DATA PROVIDED »

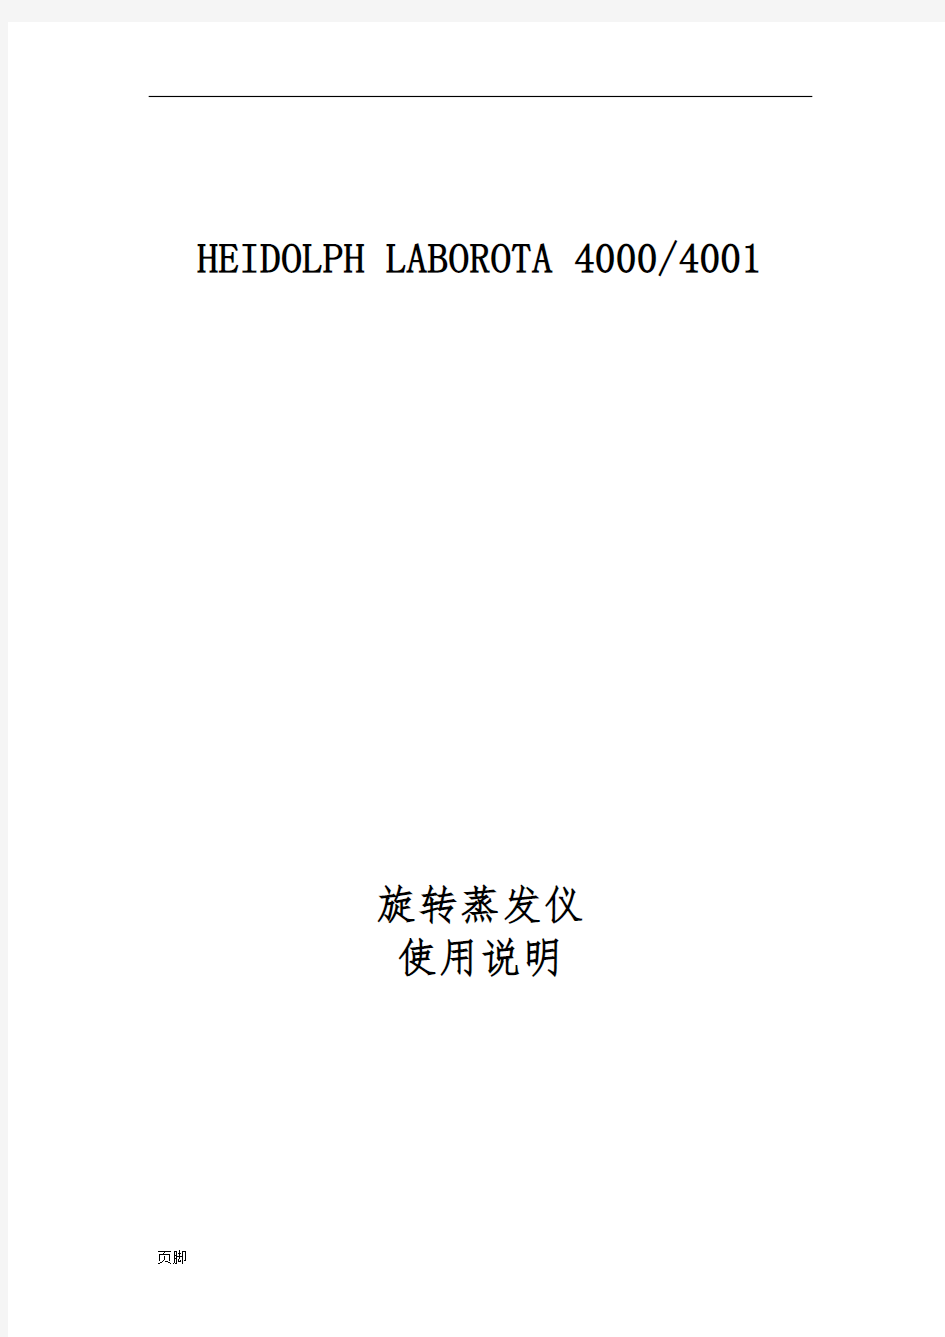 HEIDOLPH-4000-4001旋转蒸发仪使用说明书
---
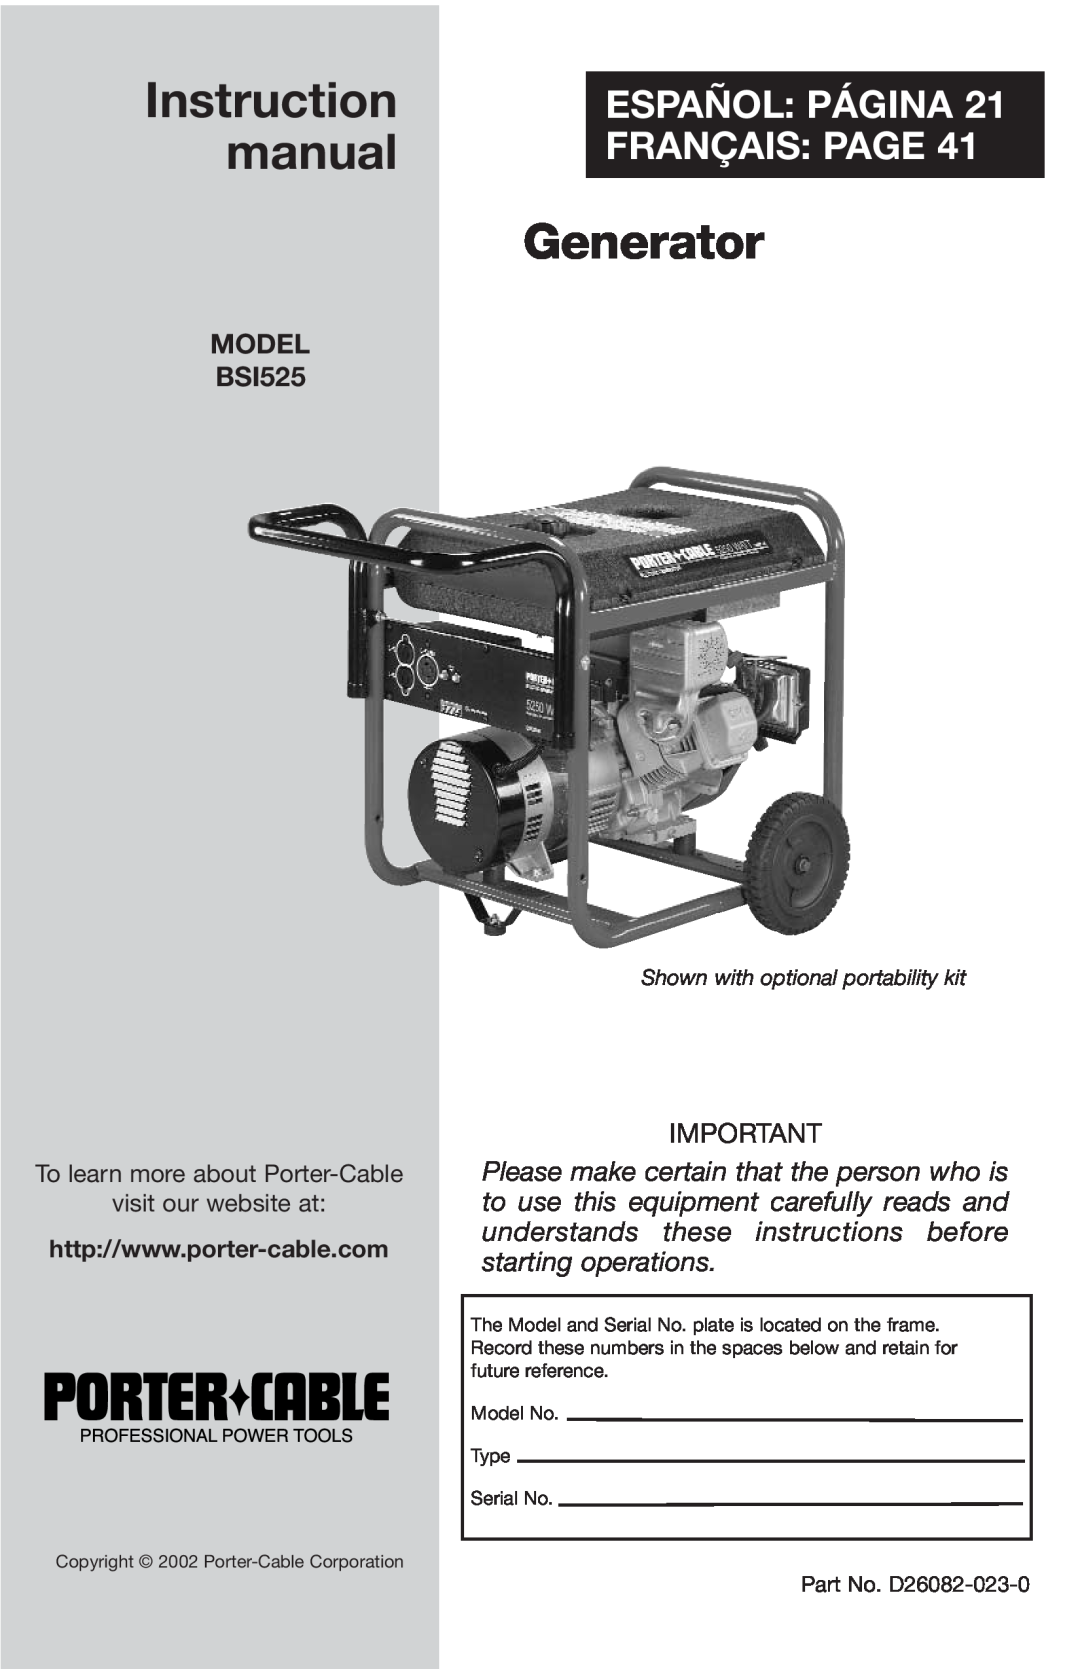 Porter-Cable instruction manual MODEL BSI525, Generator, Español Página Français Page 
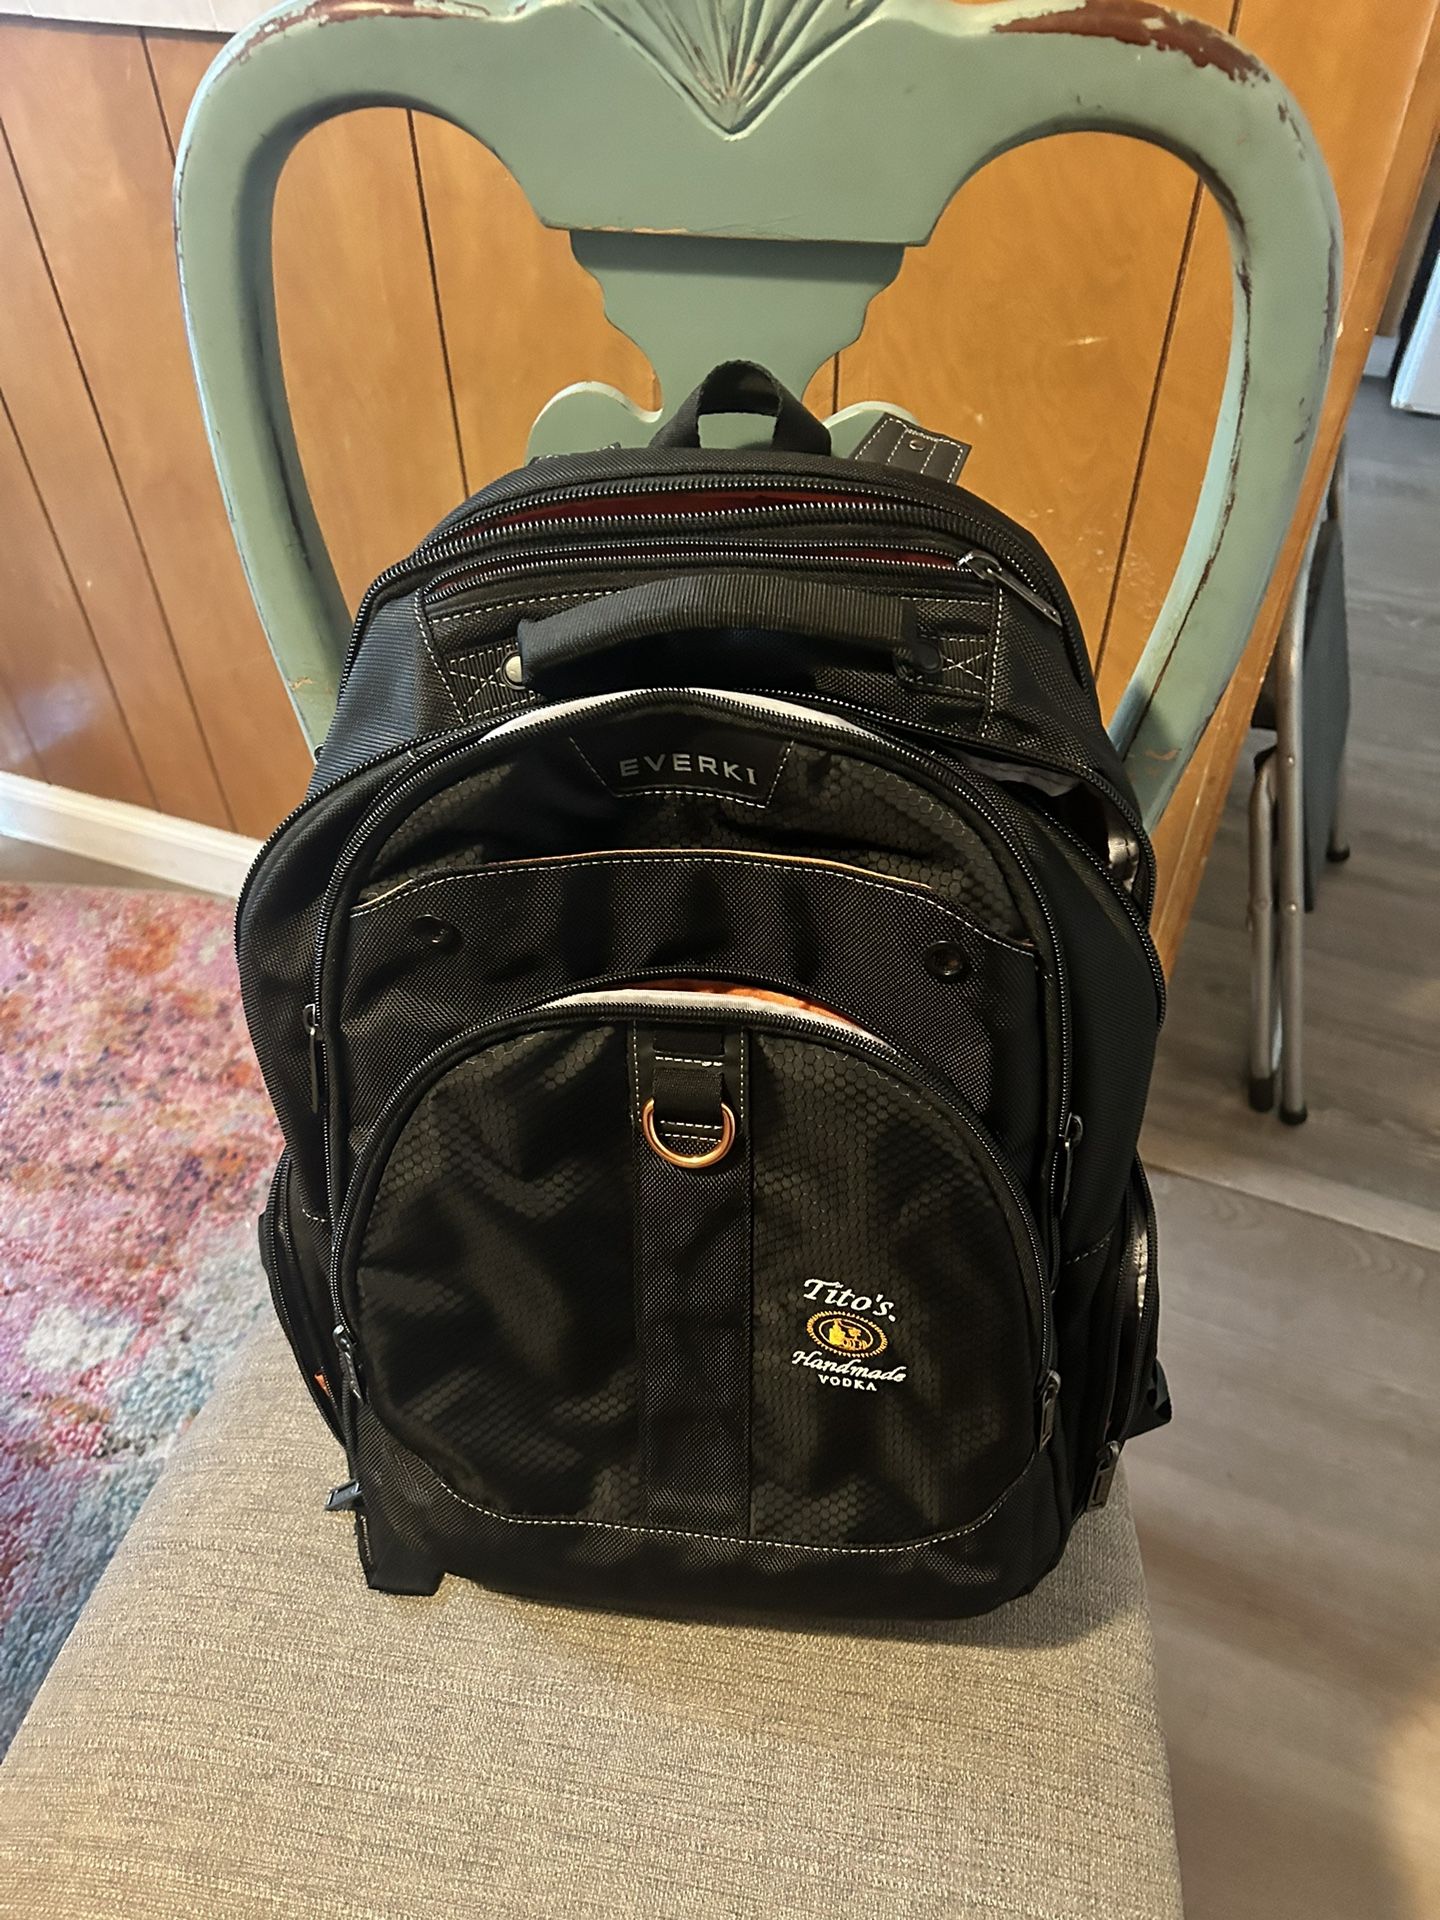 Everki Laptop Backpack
--
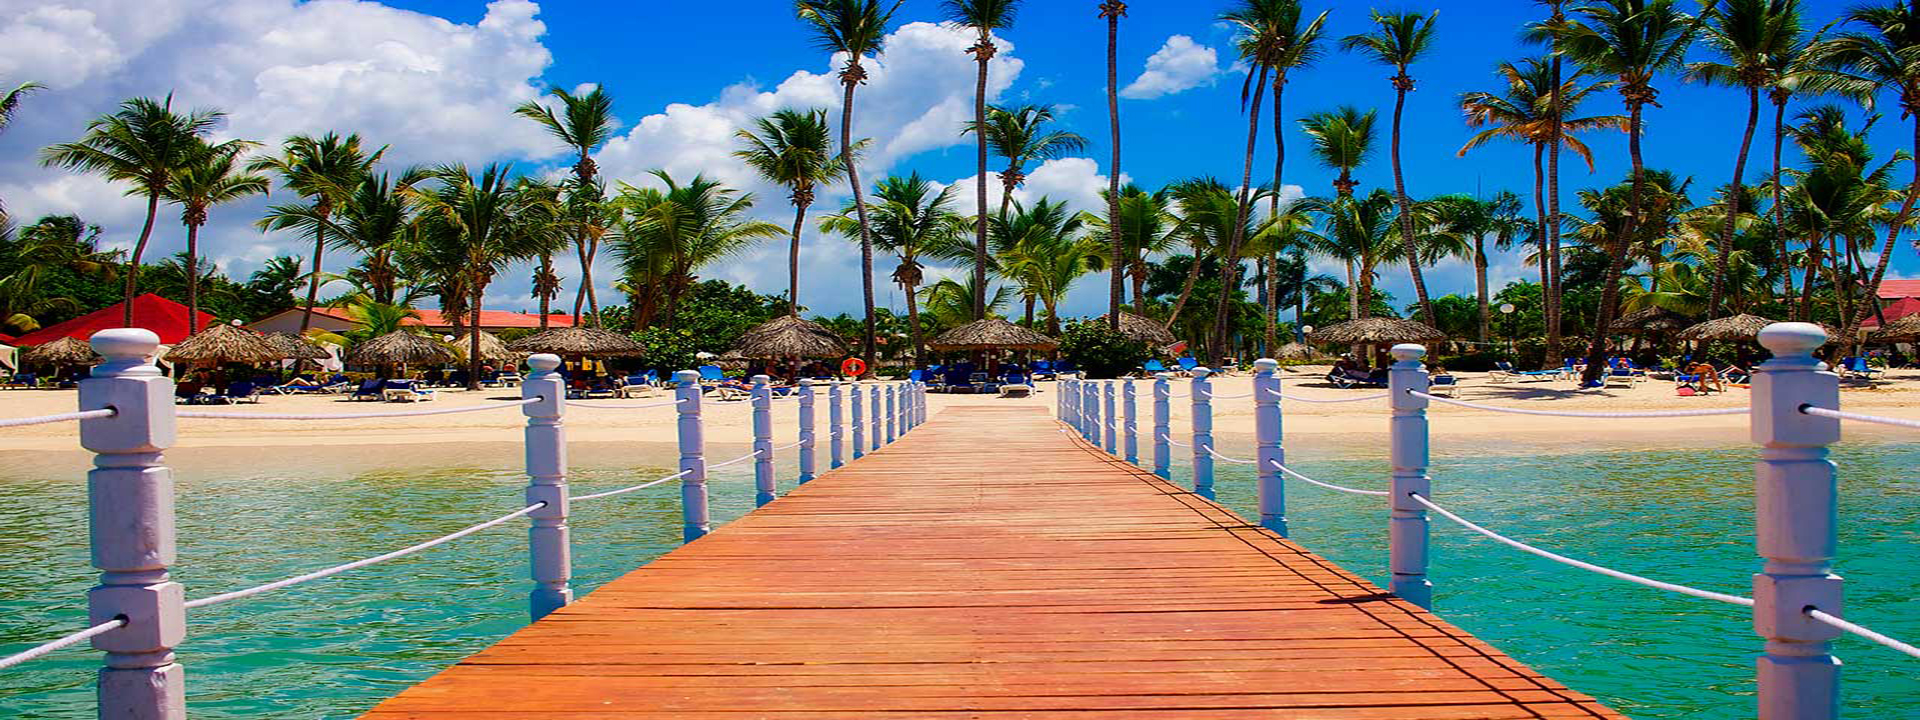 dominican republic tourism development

EXERCISE DETAILS » Among the entries above, copy exactly the stretch from the line holding "Porter-Cable instruction manual" through the line holding "Everki Laptop Backpack", leaving out any pictures.

WRITTEN RESPONSE »
 Porter-Cable instruction manual MODEL BSI525, Generator, Español Página Français Page 
 Everki Laptop Backpack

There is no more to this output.